Cold Spring Harbor Laboratory
Biochemistry, Genetics and Molecular Biology; Activating Transcription Factor 2; Animals; Cells, Cultured; Chromatography, Affinity; Cyclic AMP Response Element-Binding Protein; inhibitors; DNA Mutational Analysis; Fungal Proteins; *Gene Expression Regulation; Humans; *Leucine Zippers; Protein Binding; Recombinant Fusion Proteins; *Saccharomyces cerevisiae Proteins; Sequence Deletion; Structure-Activity Relationship; Transcription Factors; *Transcription, Genetic; Transfection; Life Sciences; Medicine and Health Sciences
article description
ATF-2 is a cellular basic region-leucine zipper (bZIP) transcription factor that can mediate diverse transcriptional responses, including activation by the adenovirus Ela protein. ATF-2 contains an activation domain, required for transcriptional activity, but in the absence of an appropriate inducer, full-length ATF-2 is transcriptionally inactive.

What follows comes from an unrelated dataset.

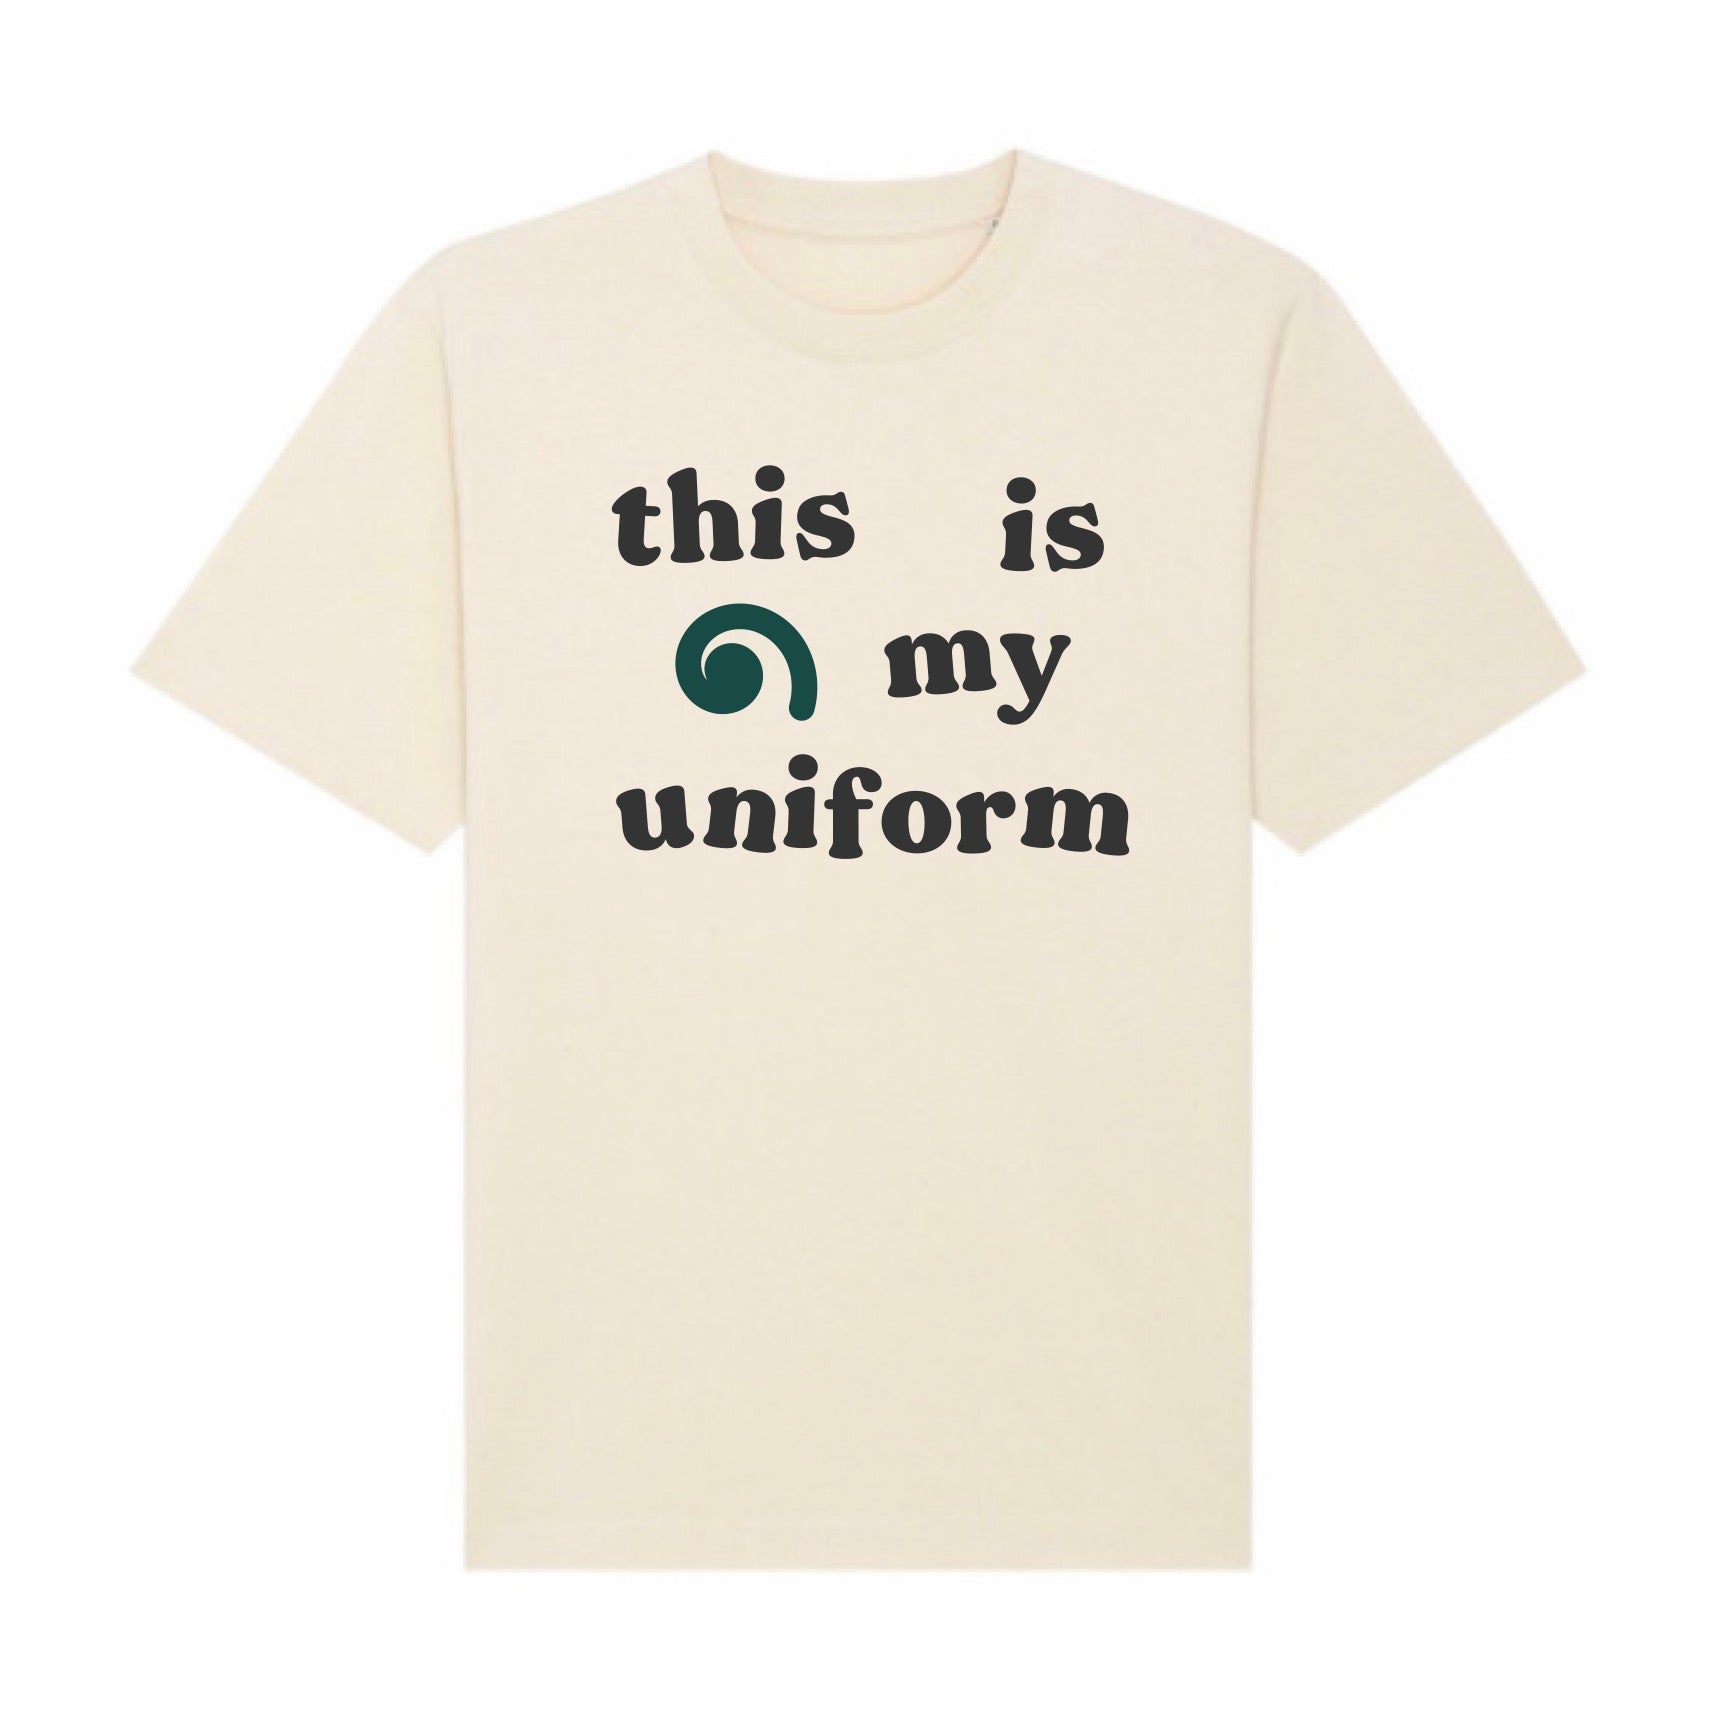 This is my uniform T-shirt - Cream

Here we have investigated the mechanism underlying this regulated inhibition of ATF-2 transcriptional activity. We show that the region of ATF-2 that suppresses the activation region is the bZIP DNA-binding domain and that maximal inhibition requires both the basic region and leucine zipper subdomains. Inhibition is activation domain specific: The ATF-2 bZIP suppresses the ATF-2 and the related Ela activation domains but not acidic- and glutamine-rich activation domains. In vitro protein interaction assays demonstrate that the ATF-2 activation domain and bZIP specifically bind to one another. Finally, we show that bZIP-mediated inhibition can be modulated in a cell-type-specific manner by another sequence element within ATF-2. On the basis of these and other data, we propose that the ATF-2 bZIP and activation domain are engaged in an inhibitory intramolecular interaction and that inducers of ATF-2 disrupt this interaction to activate transcription.